A clinically important step in carcinogenesis is the process of metastasis. That is, the spread of tumor cells to the lymph node, entry into the blood supply, and the spread to other tissues. Various studies have investigated the metastatic potential of multi-focal compared to uni-focal cancers [Andea et al. (2002); Junker et al. (1999); Junker et al. (1997)]. In uni-focal cancers, tumor size has been found to be a predictor of metastatic potential. For staging multi-focal breast carcinomas, it has been suggested to use the diameter of the largest tumor only [Andea et al. (2002)]. This, however, assumes that the other foci do not significantly contribute to tumor progression. According to our arguments, this would under-stage the cancer. According to the model, the number of foci correlates with the stage of the disease. This has also been concluded in clinical studies, and is supported by data which show reduced patient survival with multi-focal compared to uni-focal cancers [Andea et al. (2002)]. Moreover, because our model suggests that multi-focality can occur as a result of reduced tumor cell inhibition, successful metastatic growth might be easier to achieve. Although under debate, some data suggest that inhibitors produced by the primary tumor can prevent metastatic cells from growing [Ramanujan et al. (2000)]. If multi-focality correlates with reduced inhibition, then it could also correlate with an increased chance that metastatic cells grow and do not remain dormant.

Further, it is important to note that studies which aim to assess the correlation between multi-focality and metastatic potential should not only concentrate on the number of foci, but also on the size of the foci.

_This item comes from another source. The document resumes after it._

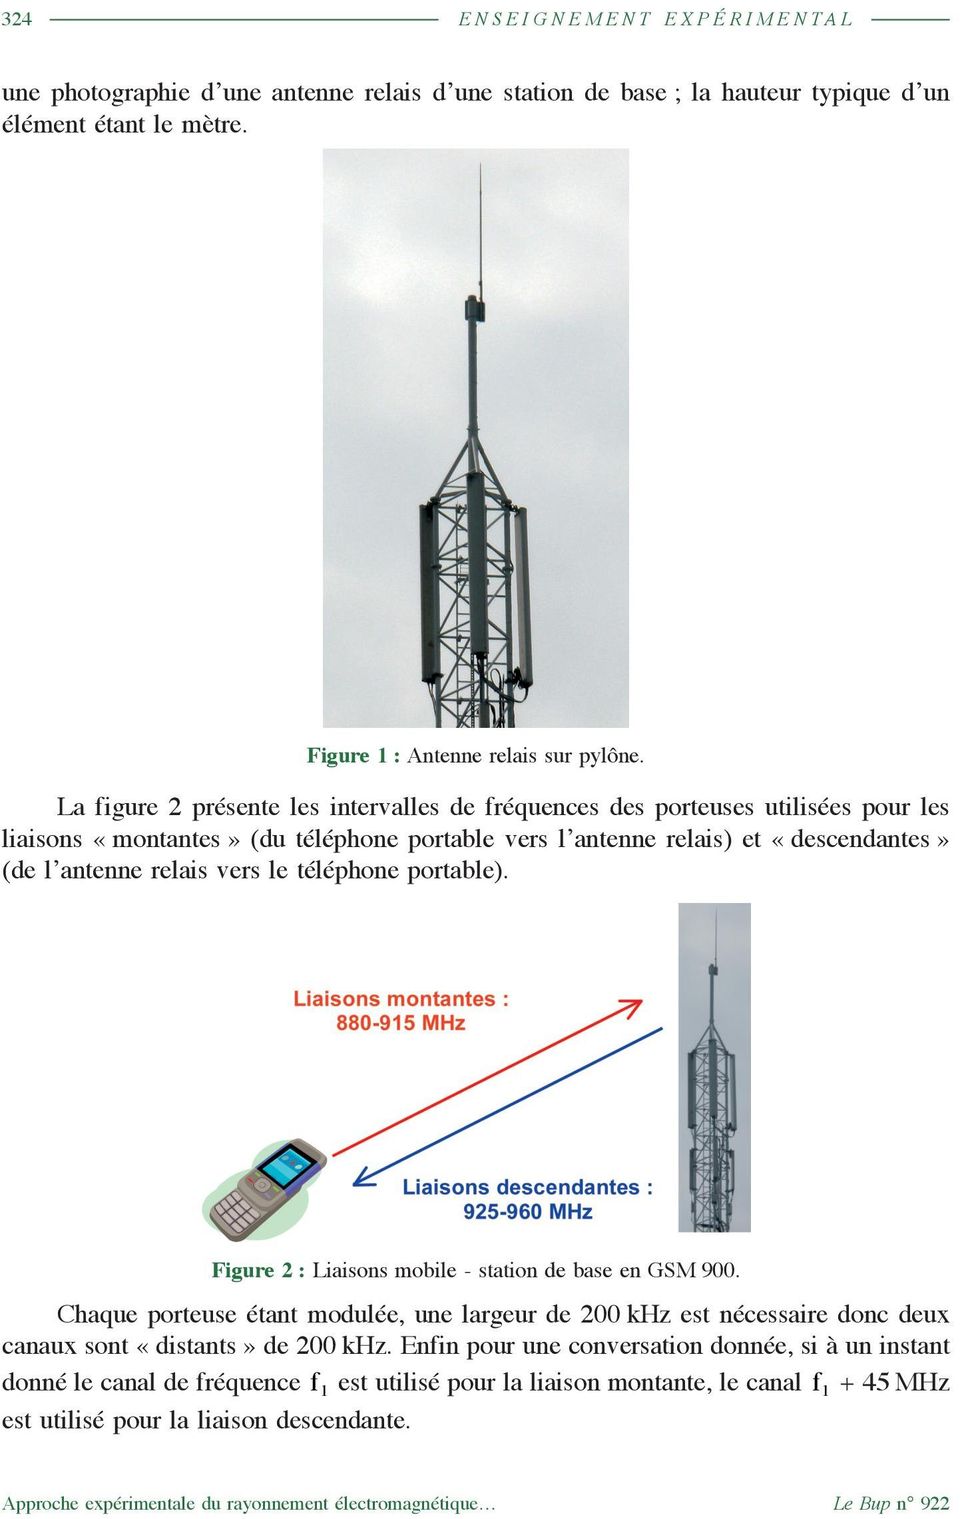 téléphone portable). Figure 2 : Liaisons mobile - station de base en GSM 900. Chaque porteuse étant modulée, une largeur de 200 khz est nécessaire donc deux canaux sont «distants» de 200 khz.
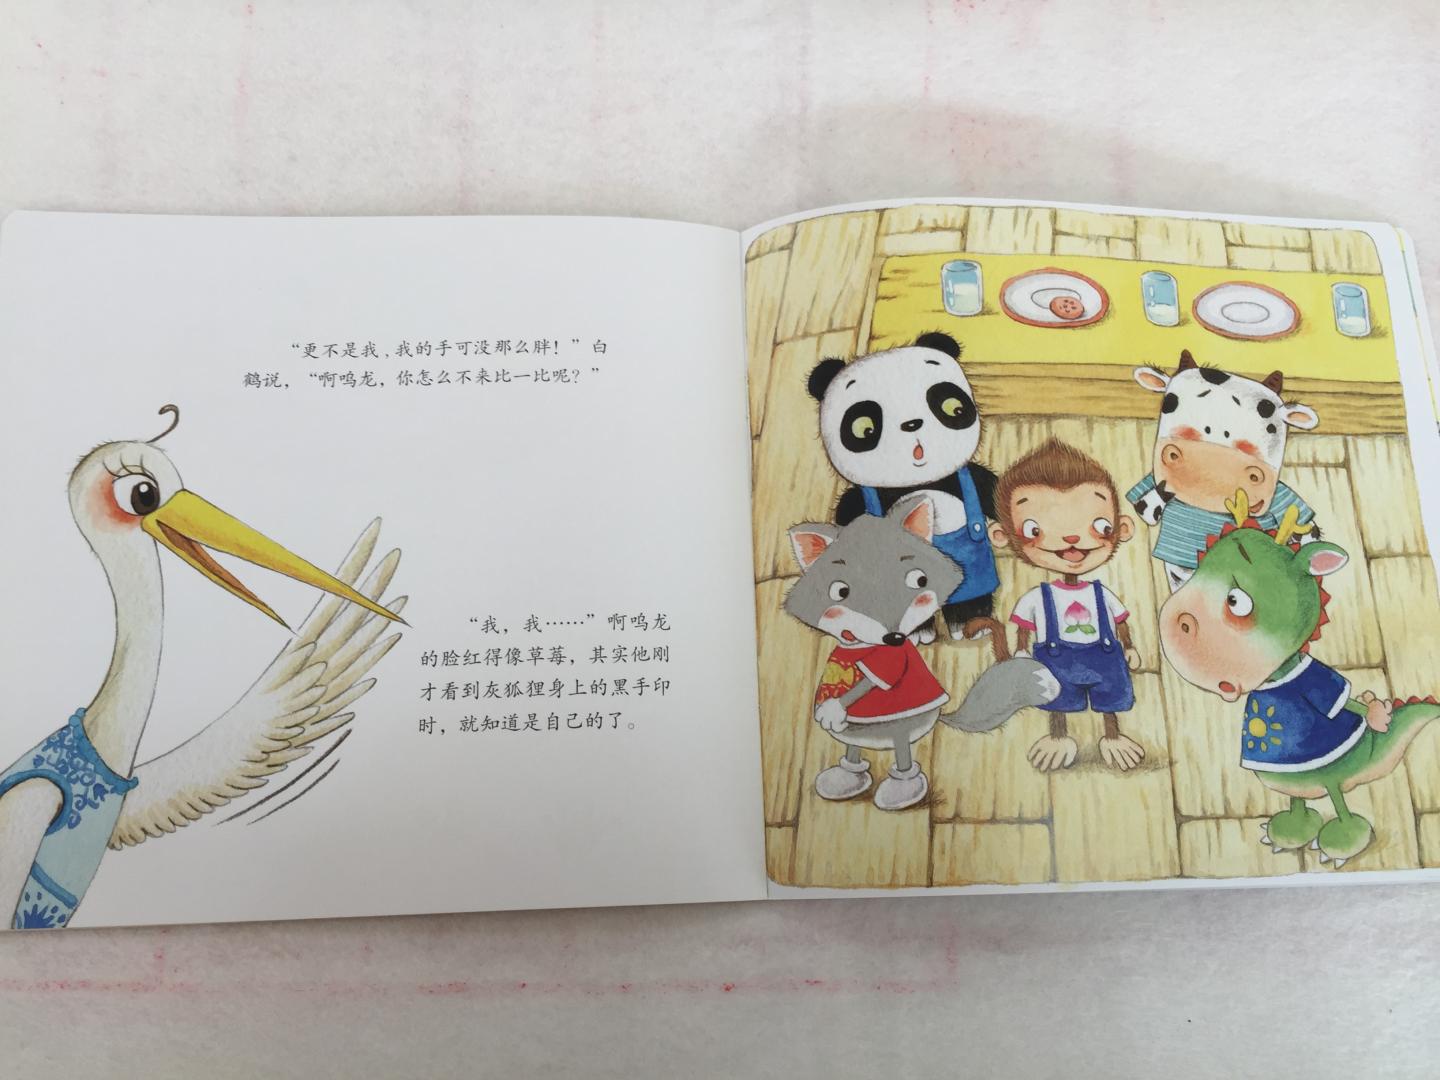 一套很可爱的书 十本小故事 还有一本家长手册 有指导有知识 满满的干货 宝宝从小就喜欢熊猫 对书中的一对小熊猫更是喜欢得不得了 总是让我讲他们的故事

As we have shown with the model, cancer progression might start with a small single lesion which can be considered uni-focal. It can then bifurcate to give rise to multiple foci, and finally spread through the entire tissue. When such spread occurs, the multiple foci turn into a big and single mass, and this would again be considered uni-focal. Hence, the cumulative size or volume of the tumor is likely to be the best predictor of malignant progression.